His appointment at Haddington was exchanged for a similar one at Kirkcaldy Academy in Fife, in 1812. Completing his divinity studies by a series of partial sessions, he was licensed to preach in June 1815, but continued to discharge his scholastic duties for three years. He devoted his leisure, not only to mathematical and physical science, but to a course of reading in English literature, his bias towards the antique in sentiment and style being strengthened by a perusal of the older classics, among whom Richard Hooker was his favorite author. At the same time his love of the marvellous found gratification in the wonders of the Arabian Nights, and it is further characteristically related of him that he used to carry continually in his waistcoat pocket a miniature copy of Ossian, passages from which he frequently recited with sonorous elocution and vehement gesticulation.

In the summer of 1818, he resigned his mastership and, in order to increase the probability of obtaining a permanent appointment in the Church of Scotland, took up his residence in Edinburgh. Although his exceptional method of address seems to have gained him the qualified approval of certain dignitaries of the church, the prospect of his obtaining a settled charge seemed as remote as ever. He was meditating a missionary tour in Persia when his departure was arrested by steps taken by Thomas Chalmers which, after considerable delay, resulted in October 1819 in Irving being appointed his assistant and missionary in St John's parish, Glasgow.

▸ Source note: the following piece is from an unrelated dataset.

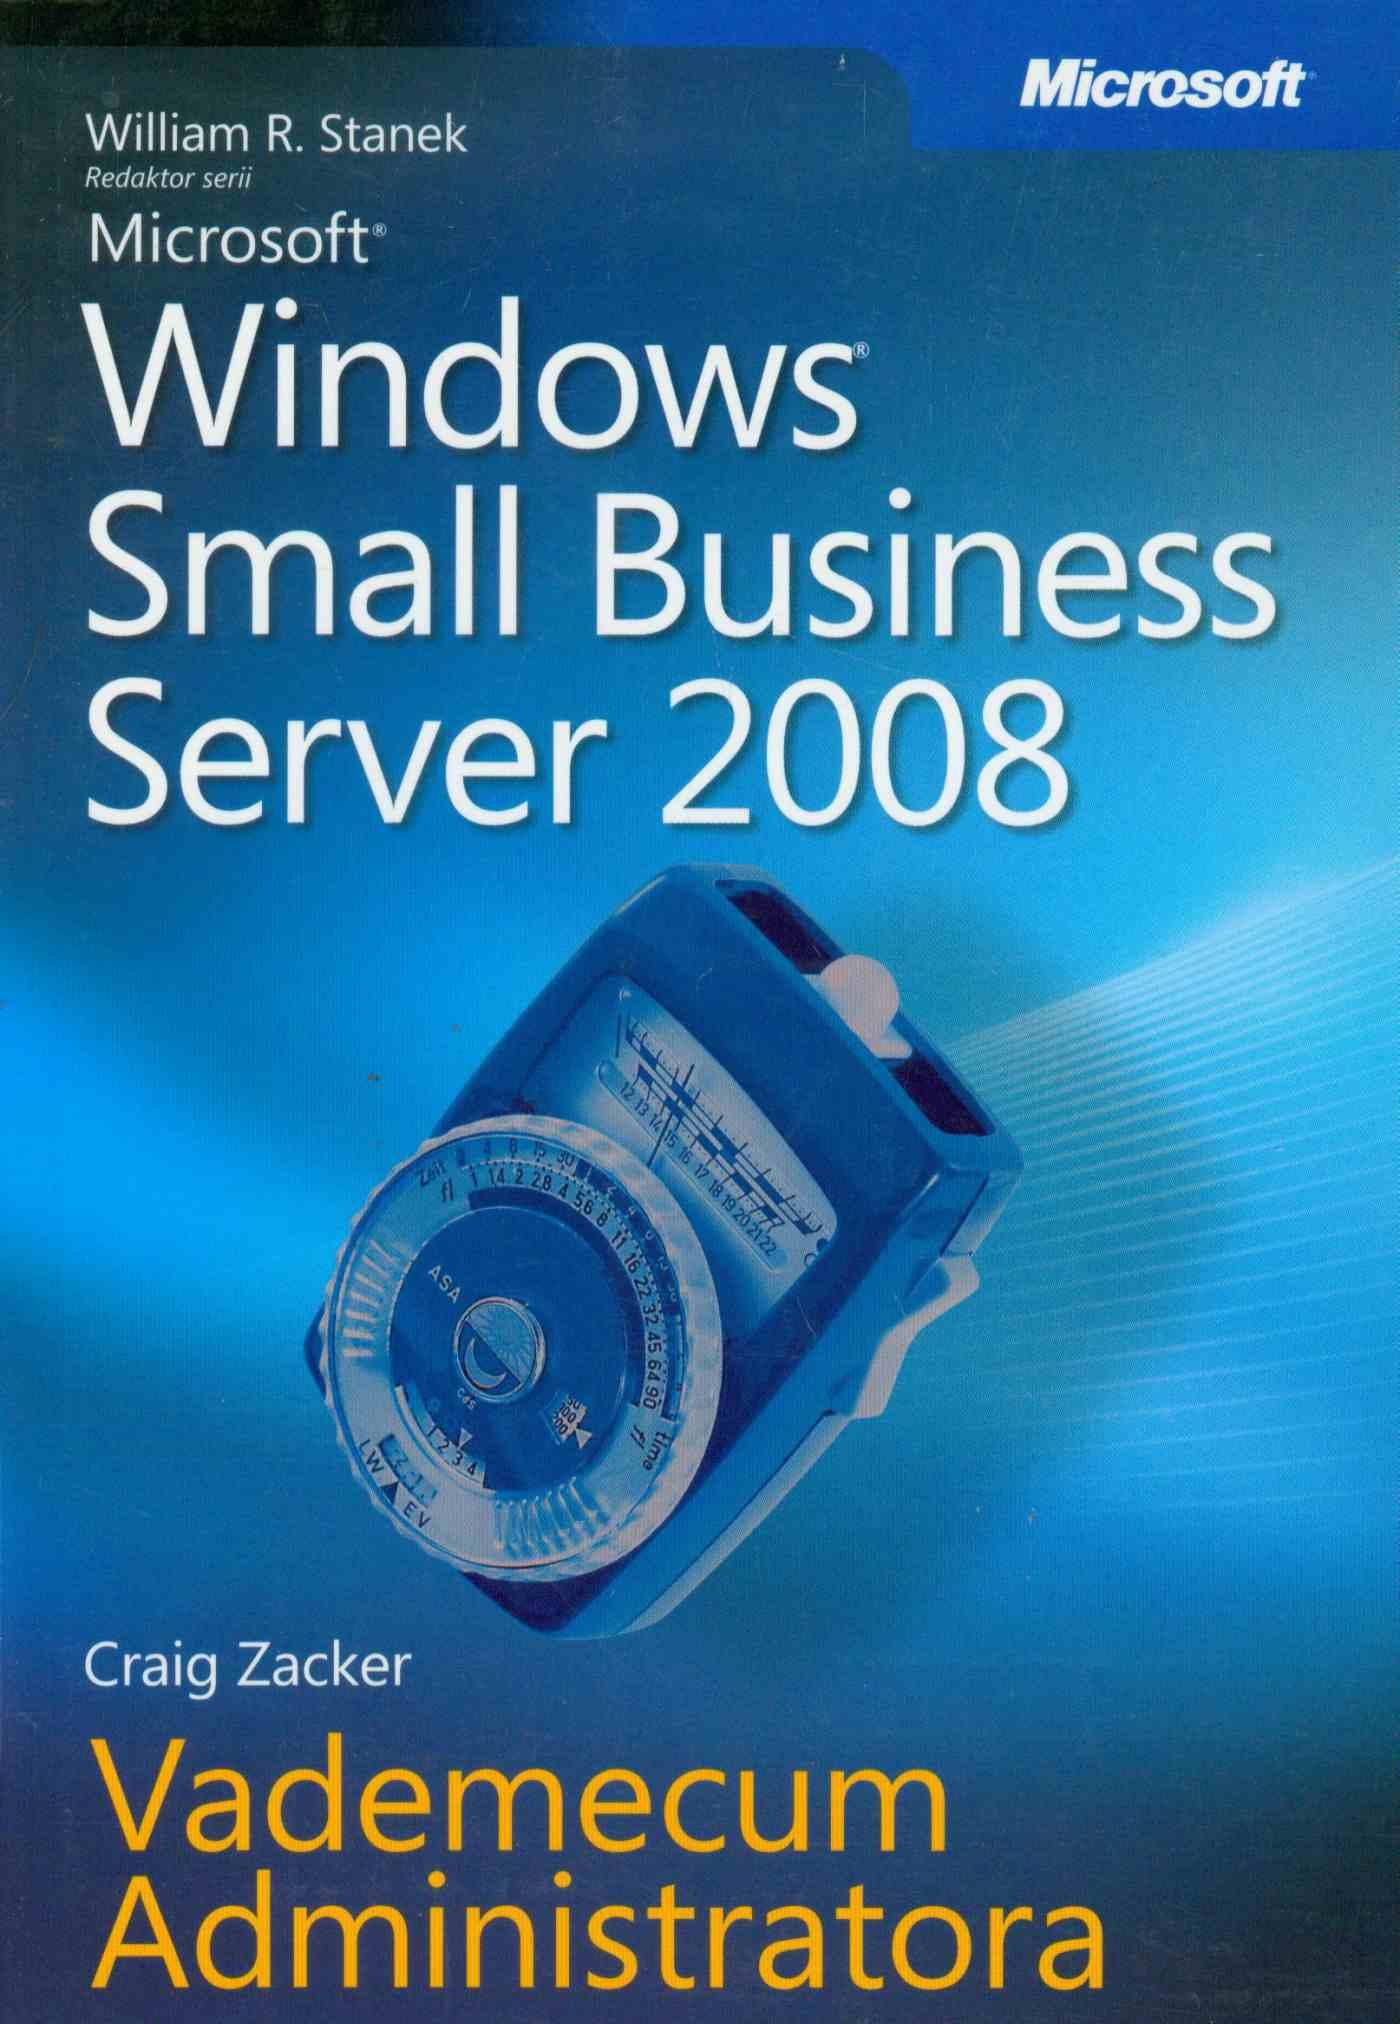 Microsoft Windows Small Business Server 2008 Vademecum Administratora - Ebook (Książka PDF) do pobrania w formacie PDF

Except in the case of a select few, Irving's preaching awakened little interest among the congregation of St John's. Chalmers himself, with no partiality for its bravuras and flourishes, compared it to Italian music, appreciated only by connoisseurs; but as a missionary among the poorer classes he wielded a powerful influence. The benediction "Peace be to this house", with which, in accordance with apostolic usage, he greeted every dwelling he entered, was not inappropriate to his figure and aspect, and it is said he took the people's attention wonderfully, the more especially after the magic of his personality found opportunity to reveal itself in close and homely intercourse.

London

This half-success in a subordinate sphere was, however, so far from coinciding with his aspirations that he had again, in the winter of 1821, begun to turn his attention towards missionary labour in the East, when the possibility of fulfilling the dream of his life was suddenly revealed to him by an invitation from the Caledonian Church, Hatton Garden, London (now the Lumen Church, Bloomsbury), to make trial and proof of his gifts before the remnant of the congregation that held together.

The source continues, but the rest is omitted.